I am looking into a problem that is about threaded pins on a circle. See image bellow for an example:
I approached it as follows:
Let $P$ be the number of pins and $G$ the number of gaps.
Number the pins on the circle from $0$ to $(P-1)$. The process of moving the thread from pin to pin is just a modulo operation on $P$. I.e. for $5$ pins and gap of $2$ we connect:
$0$ with $2$ i.e. $(0+2)\space mod \space 5$
$2$ with $4$ i.e. $(2 + 2)\space mod\space 5$
$4$ with $1$ i.e. $(4 + 2)\space mod\space5$
$1$ with $3$ i.e. $(1 + 2)\space mod\space5$
$3$ with $0$ i.e. $(3 + 2)\space mod\space 5$
That requires 1 thread since we reached 0. This process can be applied to all the rest of the configurations.

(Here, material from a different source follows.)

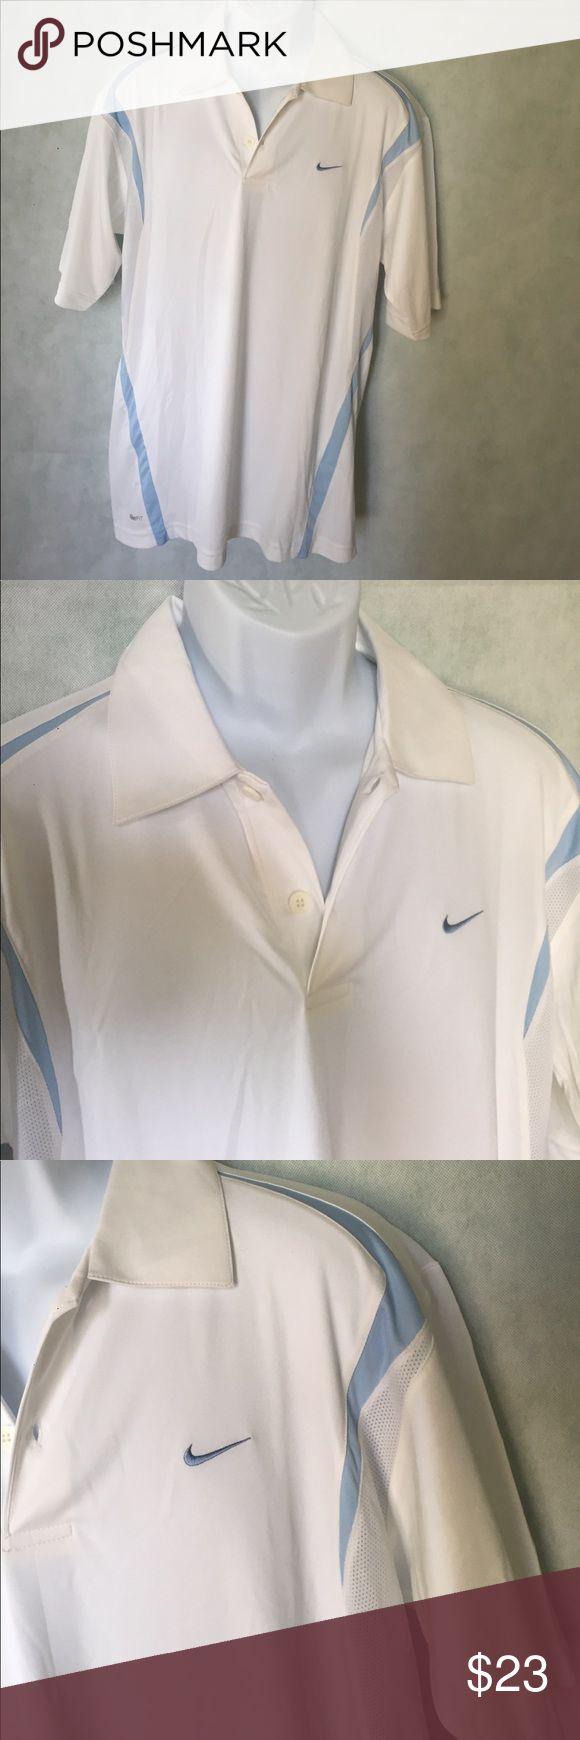 Nike Fit Men's Sports Polo Shirt Size X-L New Brand new Nike polos shirt for men. Nike Shirts Polos

For 6 pins and 2 gaps we connect:
$0$ with $2$ i.e. $(0 + 2)\space mod \space 6$
$2$ with $4$ i.e. $(2 + 2)\space mod \space 6$
$4$ with $0$ i.e. $(4 + 2)\space mod \space 6$
That was thread $1$ and we start again with pin $1$ since we got back to pin $0$.
We connect:
$1$ with $3$ i.e. $(1 + 2)\space mod \space 6$
$3$ with $5$ i.e. $(3 + 2)\space mod \space 6$
$5$ with $1$ i.e. $(5 + 2)\space mod \space 6$
That was thread $2$. I.e. we need $2$ threads as $2$ repeats of the process happened.

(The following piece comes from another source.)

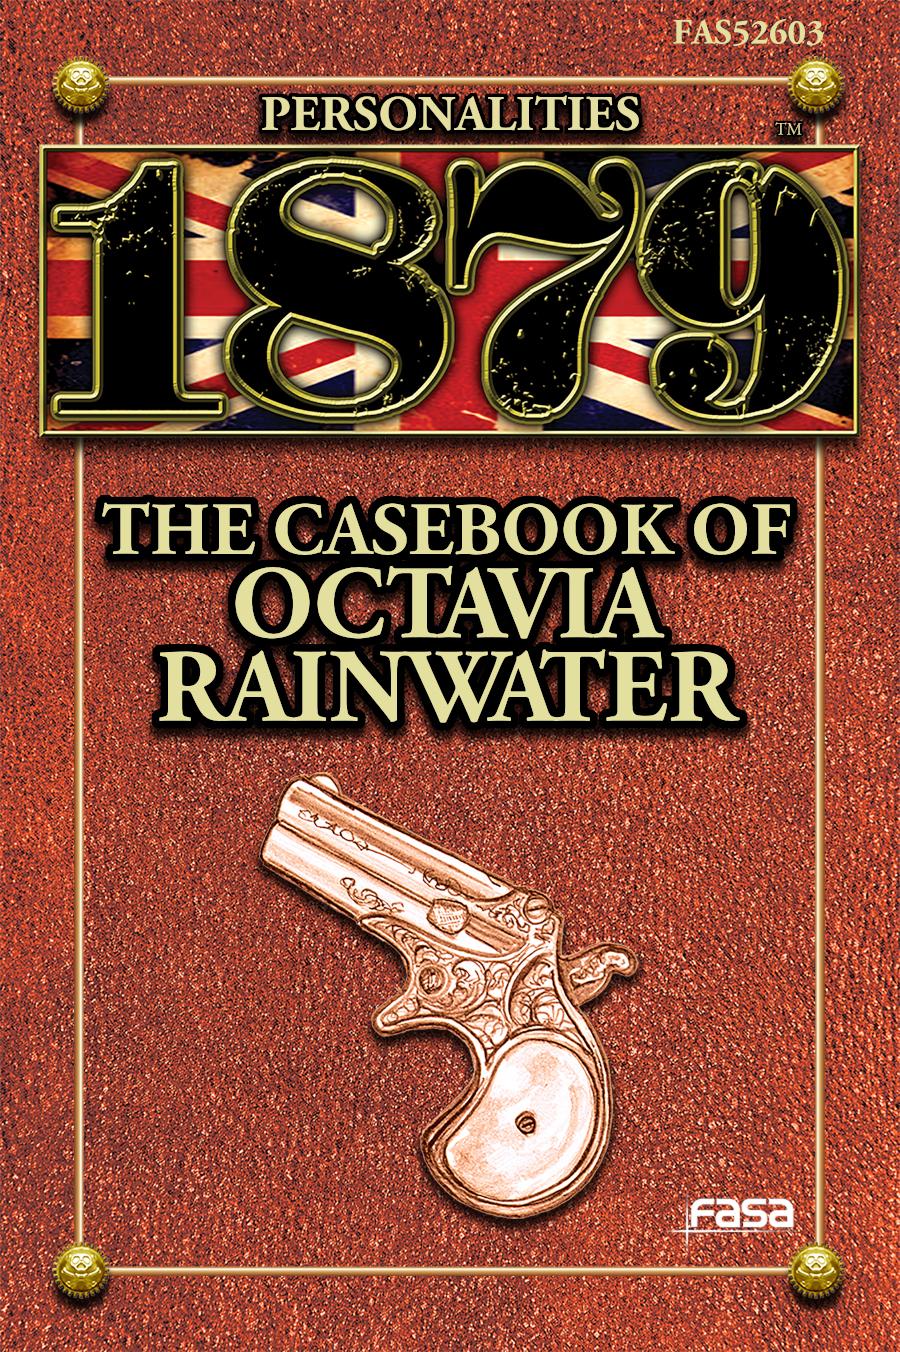 1879 RPG Personalities 03 Octavia Rainwater

So each time we just wrap around the modulo $P$ and increment by $1$ and start over. The number of repetitions equals the number of threads
My problem is how to formalize the process in a way to shows that the number of threads increments based on this modulo operation.
Note: There is a post about the same problem here: Threaded pins but my question is different.

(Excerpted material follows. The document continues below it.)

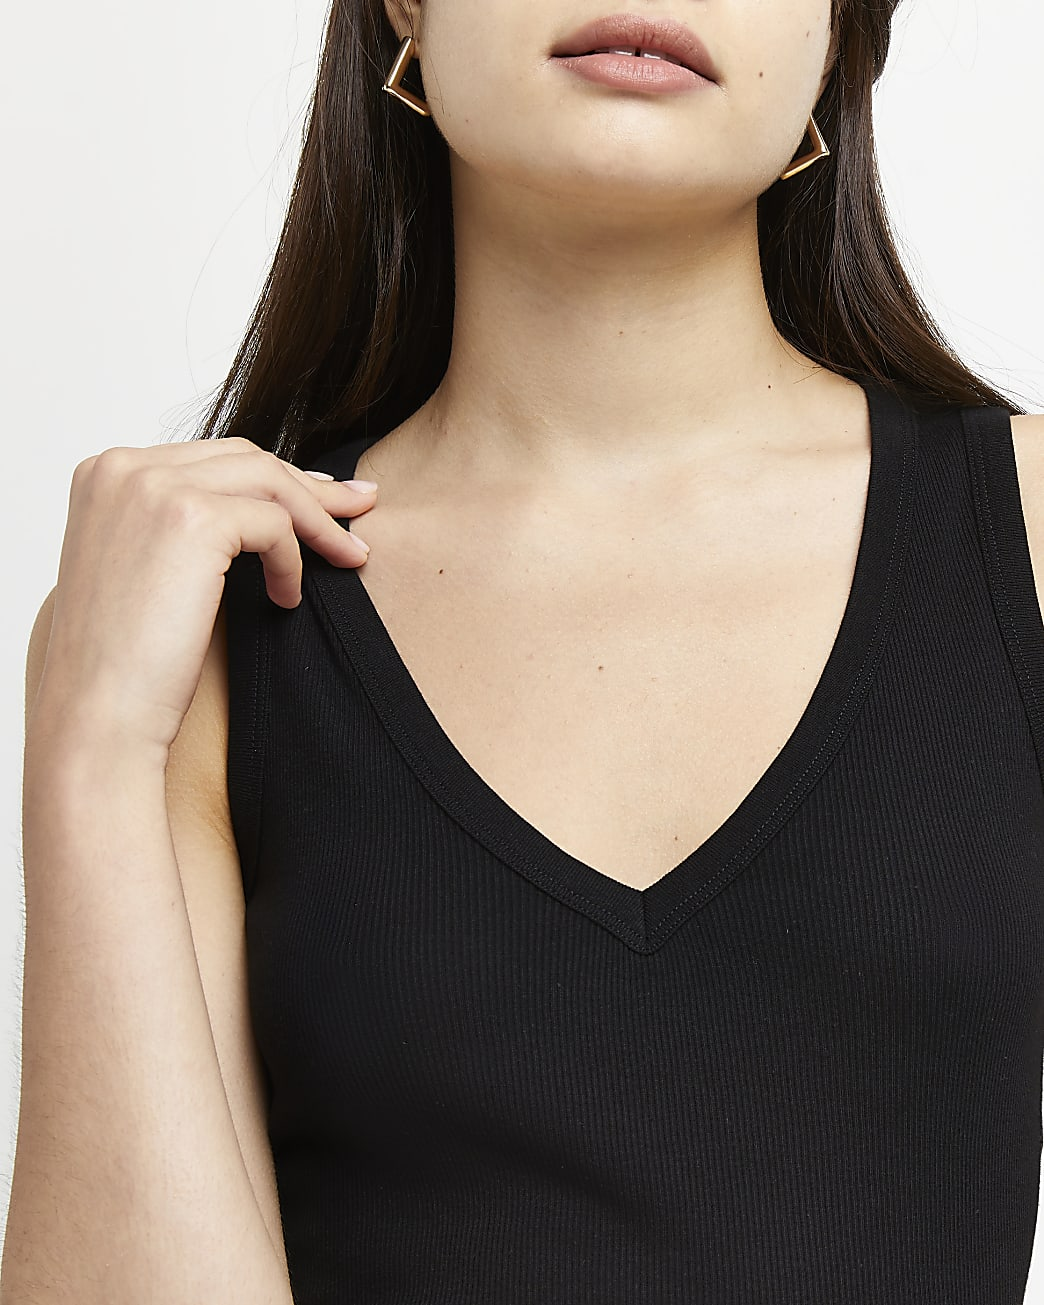 Black v-neck vest top

I do understand the solution about using the greatest common divisor. What I am looking for is how could I extend the modulo process I have described to reach the solution. Or is gcd also related in this approach too?
The answer to your final question is no - it is a nicely presented question.
Your modulo method returns to $0$ when $$0,G,2G,3G,...,kG$$ reaches $0$ i.e. $$kG\equiv 0\pmod P.$$
This requires $$k=\frac{P}{\gcd(P,G)}.$$
Therefore the number of threads you require is $$\frac{P}{k}=\gcd(P,G).$$
Thus the methods are the same.